Speaking to CNBC’s Dan Murphy in Vienna, Austria on the sidelines of an OPEC conference, TotalEnergies CEO Patrick Pouyanne said Wednesday that the company had allocated nearly one-third of its capital expenditure to low-carbon technologies, with the remainder spent on oil and gas.

“We are in both pillars, and we will remain on both pillars [for a long time],” Pouyanne said.

“Today, our society requires oil and gas … Why we are together, it is 80% of fossil fuels. There is no way to think that overnight we can just eliminate all that and rely only on 10% of low-carbon energy.

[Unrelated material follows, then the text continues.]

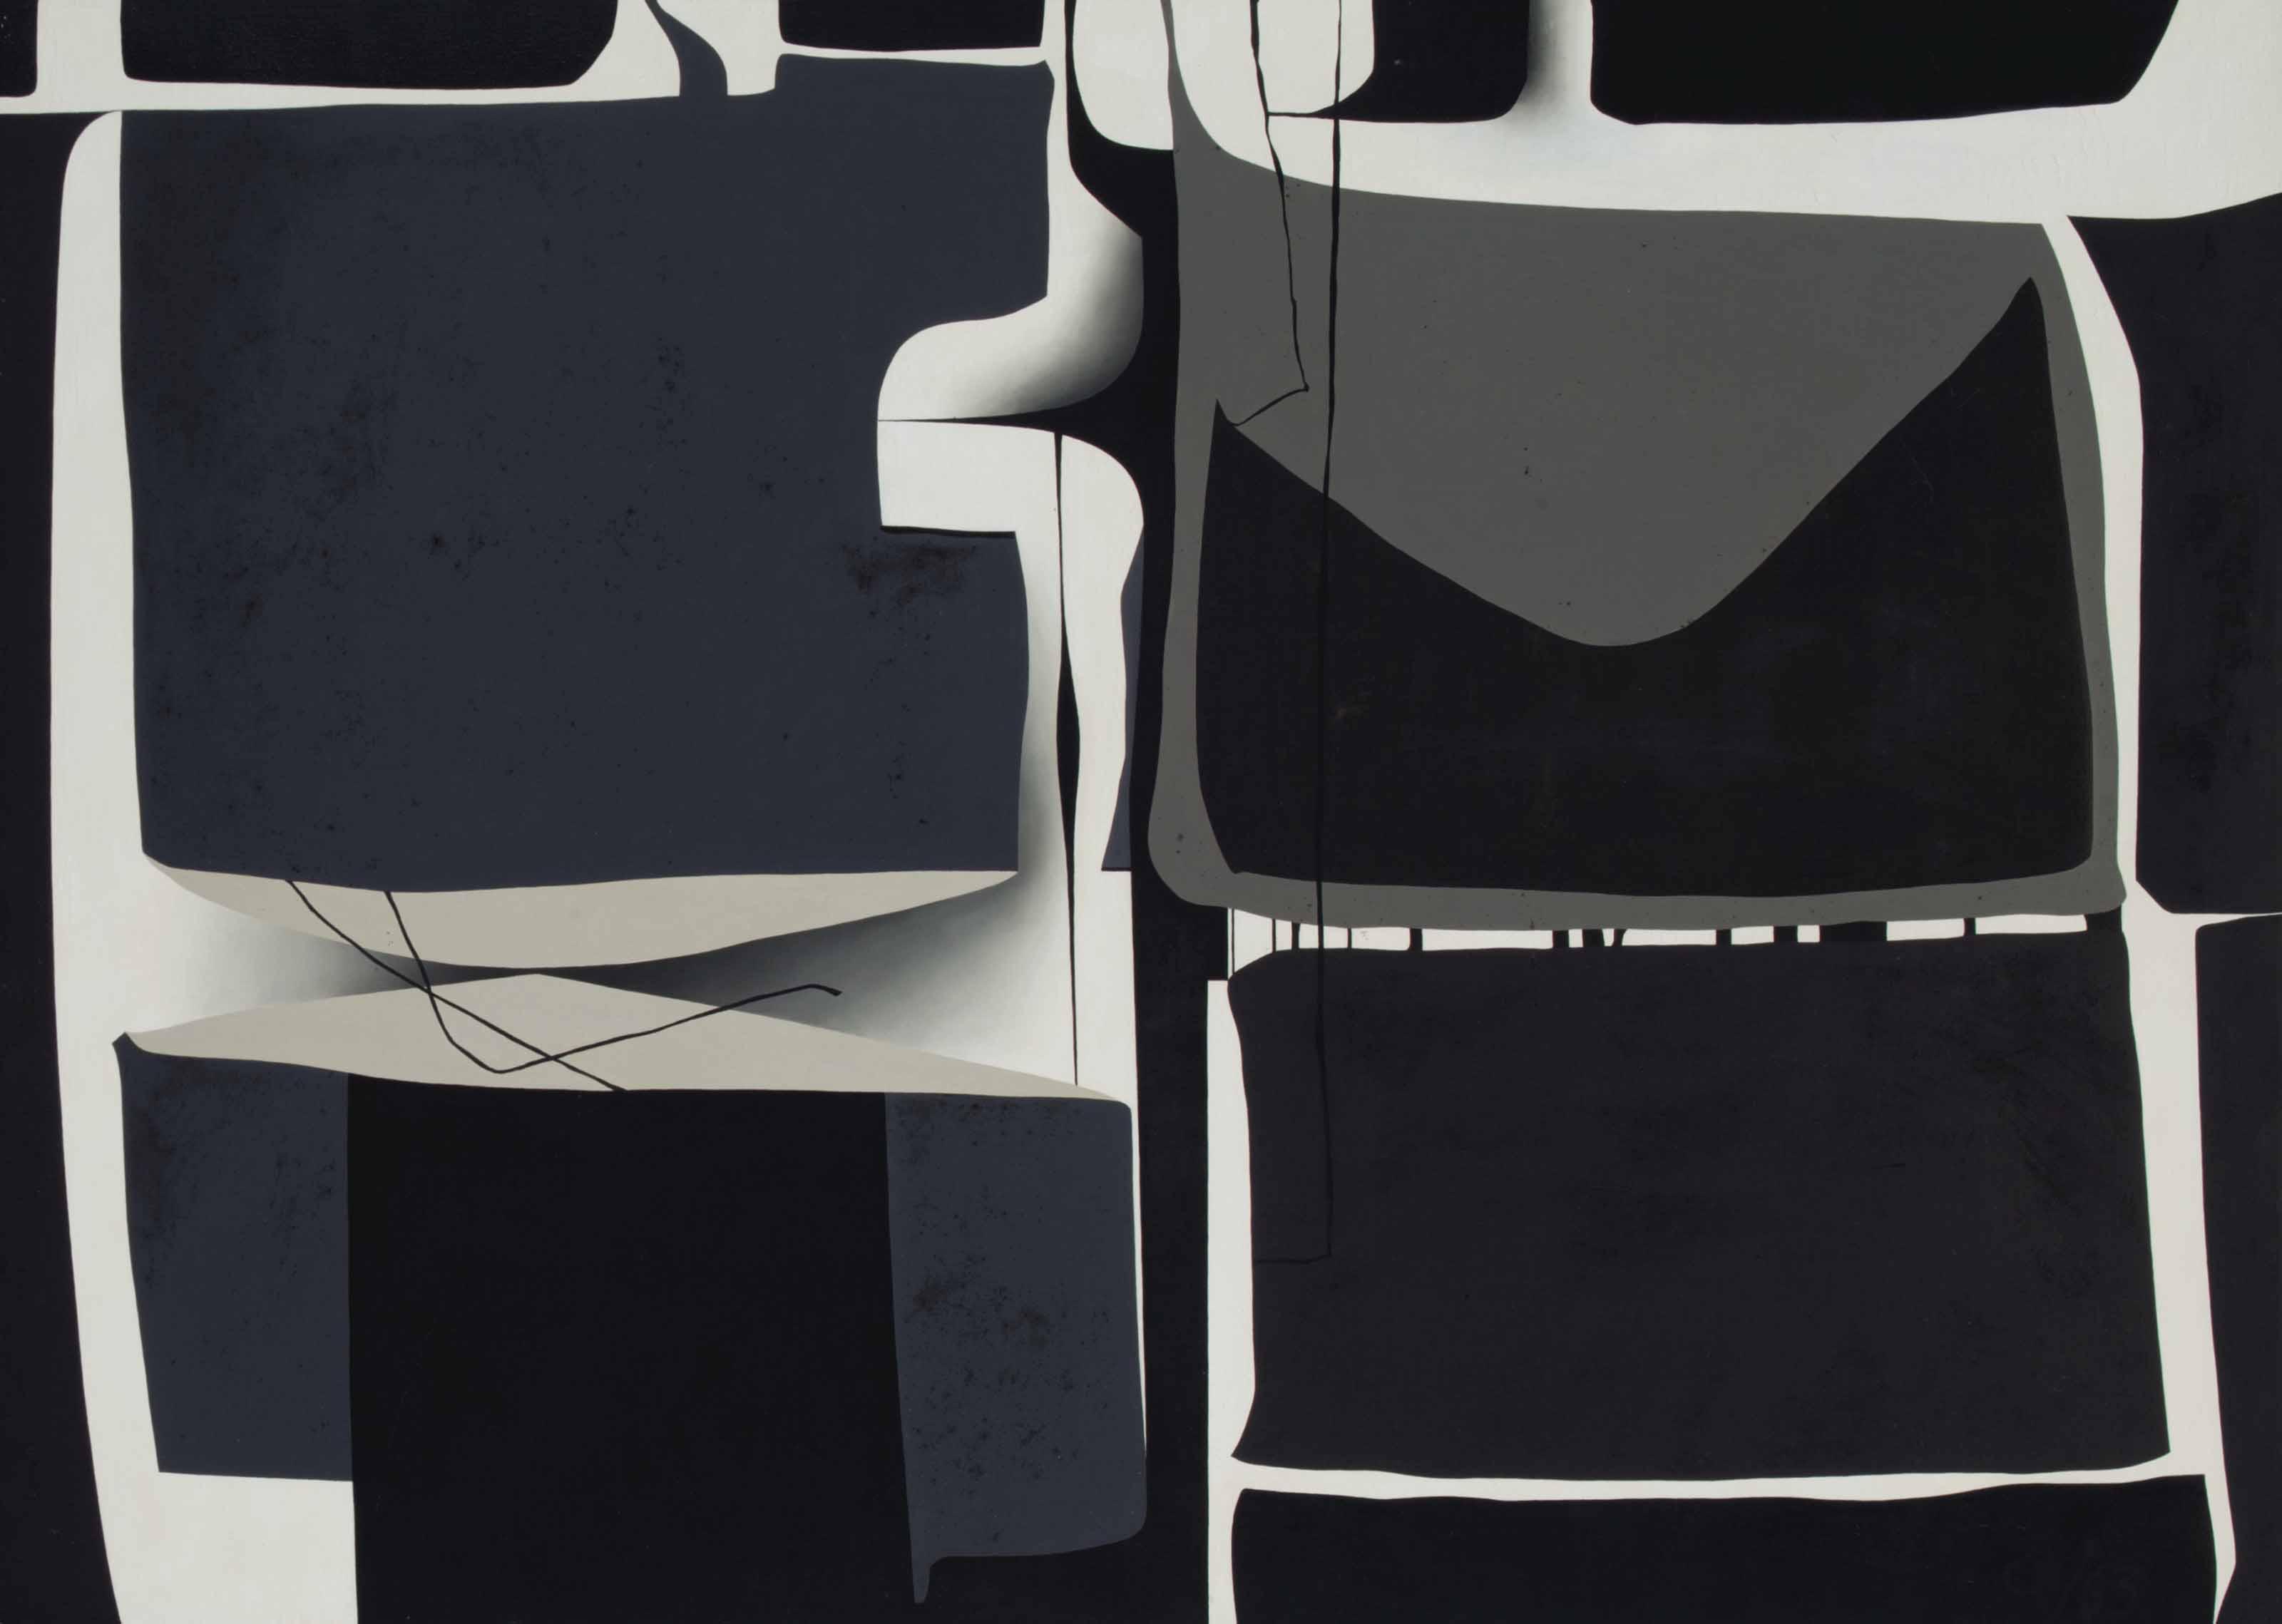 Painting-1963 (II)

It will take decades to build a new system,” he added.

“So, we must do two things: To continue to produce the oil and gas, [while] of course being very strict on the emissions. The question is not fossil fuels, it is emissions, to lower the emissions.”

His comments come just over one month after French riot police fired tear gas at hundreds of climate activists trying to prevent the firm’s annual general meeting. Activist groups had pledged to try to stop the shareholder meeting from taking place to denounce the group’s fossil fuel expansion plans.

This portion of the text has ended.